Iron Deficiency Anemia
Overview
- Most common cause of anemia worldwide.
- Causes:
- Developing world: Nutritional deficiency.
- Developed world: Acute blood loss (e.g., GI bleeding, peptic ulcer disease).
- Populations at risk:
- Females (menstruation).
- Children (decreased intake, high demand for growth).
Causes of Iron Deficiency Anemia
- Decreased Supply:
- Nutritional deficiency.
- Malabsorption (e.g., celiac disease, post-gastric surgery).
- Prematurity, poverty, old age, strict vegan diet.
- Increased Demand:
- Pregnancy, lactation, growth.
- Loss:
- Blood loss (e.g., peptic ulcer disease, Meckel's diverticulum, hookworm infection, colon cancer).
- Intravascular hemolysis (e.g., microangiopathic hemolytic anemia).
Pathophysiology
- Hemoglobin consists of heme (iron + protoporphyrin) and globin.
- Iron deficiency leads to decreased heme and hemoglobin.
- Red blood cells (RBCs) become smaller (microcytic anemia).

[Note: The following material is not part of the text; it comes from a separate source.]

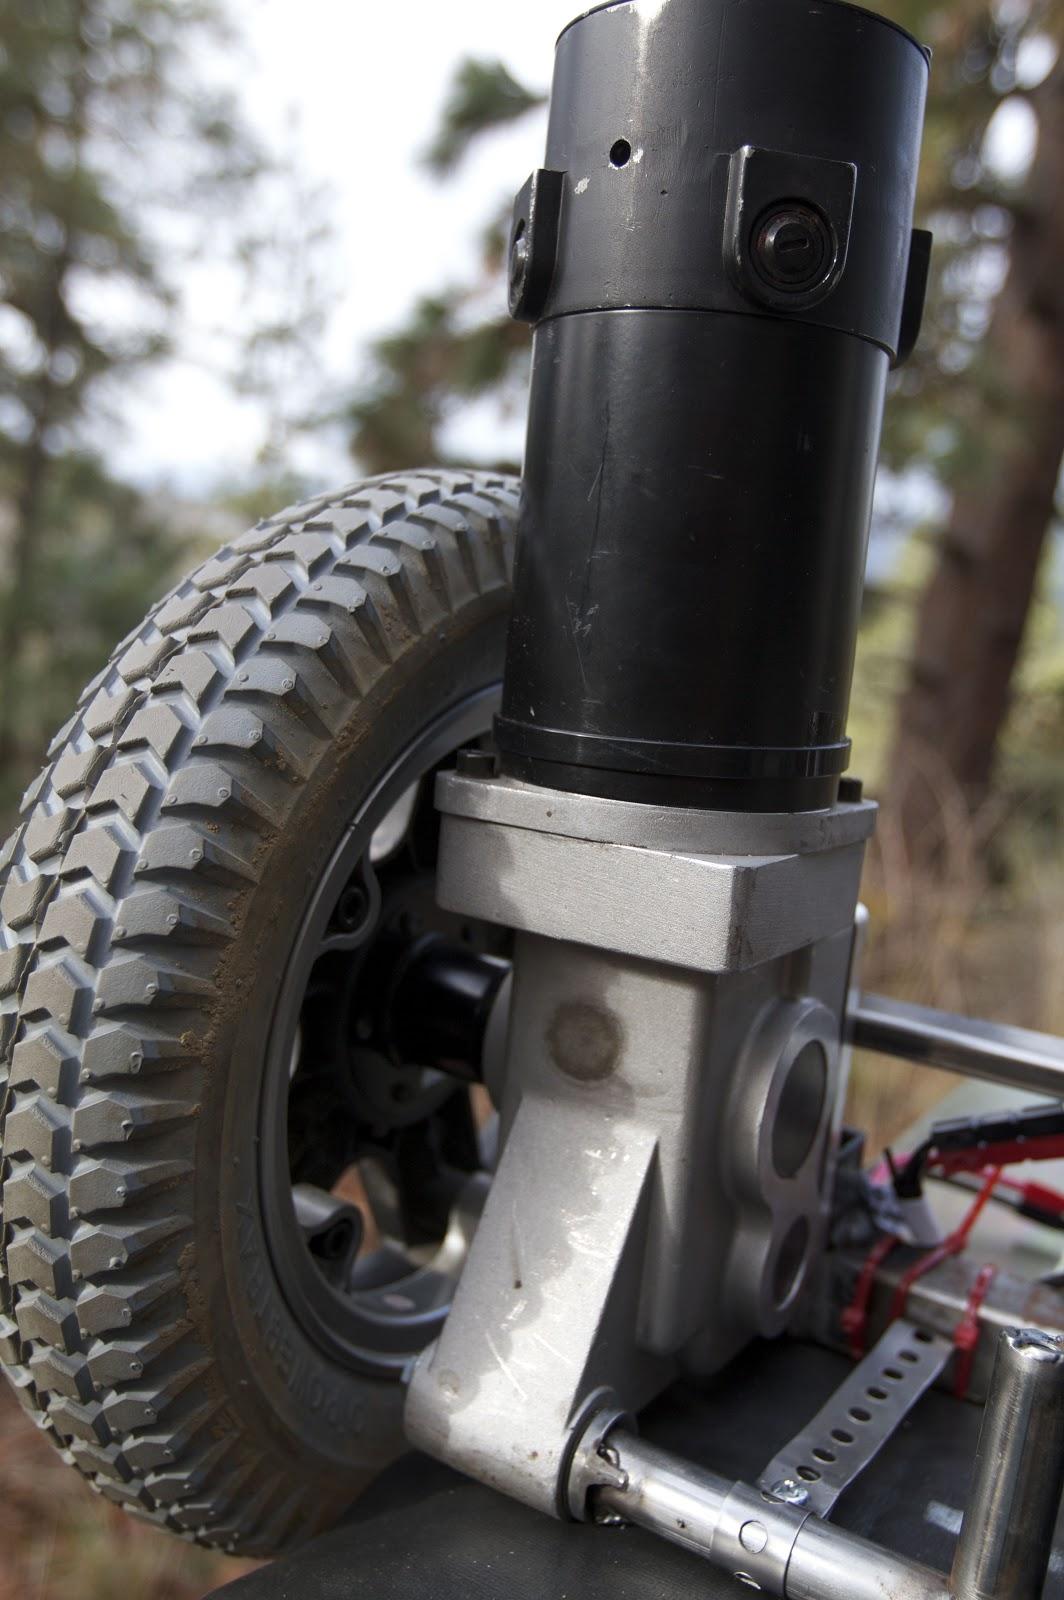 Wheelchair Motor Portable Wheel Chair Ramp 2 Self Balancer Using Motors Glenns Garage

- Increased central pallor in RBCs due to leftover protoporphyrin.
Clinical Features
- Pale, tired, angina, weak, irritable, exercise intolerance.
- Associated conditions:
- Plummer-Vinson syndrome.
- Glossitis, cheilitis.
- Restless leg syndrome.
- Koilonychia (spoon-shaped nails).
- Beeturia, pica (craving for ice).
Diagnostic Tests
- Lab Results:
- Low hemoglobin and hematocrit.
- Low MCV, MCH, MCHC.
- Low reticulocytes.
- Usually normal white blood cells.
- Platelets may be slightly increased.
- Iron Studies:
- Decreased serum iron and ferritin.
- Increased total iron-binding capacity (TIBC).
- Decreased percent saturation.
- Increased soluble transferrin receptor.
- Bone Marrow Biopsy:
- Depleted iron stores (painful procedure, not commonly done).
- Alternative Diagnosis:
- Trial of iron supplementation and monitoring for improvement.
Treatment
- Oral Ferrous Sulfate:
- Side effects: diarrhea, constipation, black stool (guaiac negative).
- Intramuscular/Intravenous Iron:
- Side effect: risk of anaphylaxis (especially with dextran).
- Address underlying causes (e.g., ongoing blood loss, malabsorption issues).
Important Considerations
- Ferritin is an acute phase reactant; may be elevated with concurrent inflammation.
- Distinguish between iron deficiency anemia and anemia of chronic disease.
- In cases of hookworm infection, white blood cell count may be affected.
- Resistant cases often involve celiac disease.
Summary
- Iron deficiency anemia is characterized by low iron leading to small, pale RBCs and is diagnosed primarily through iron studies and clinical improvement with iron therapy.
- Treatment focuses on correcting iron levels and addressing underlying causes.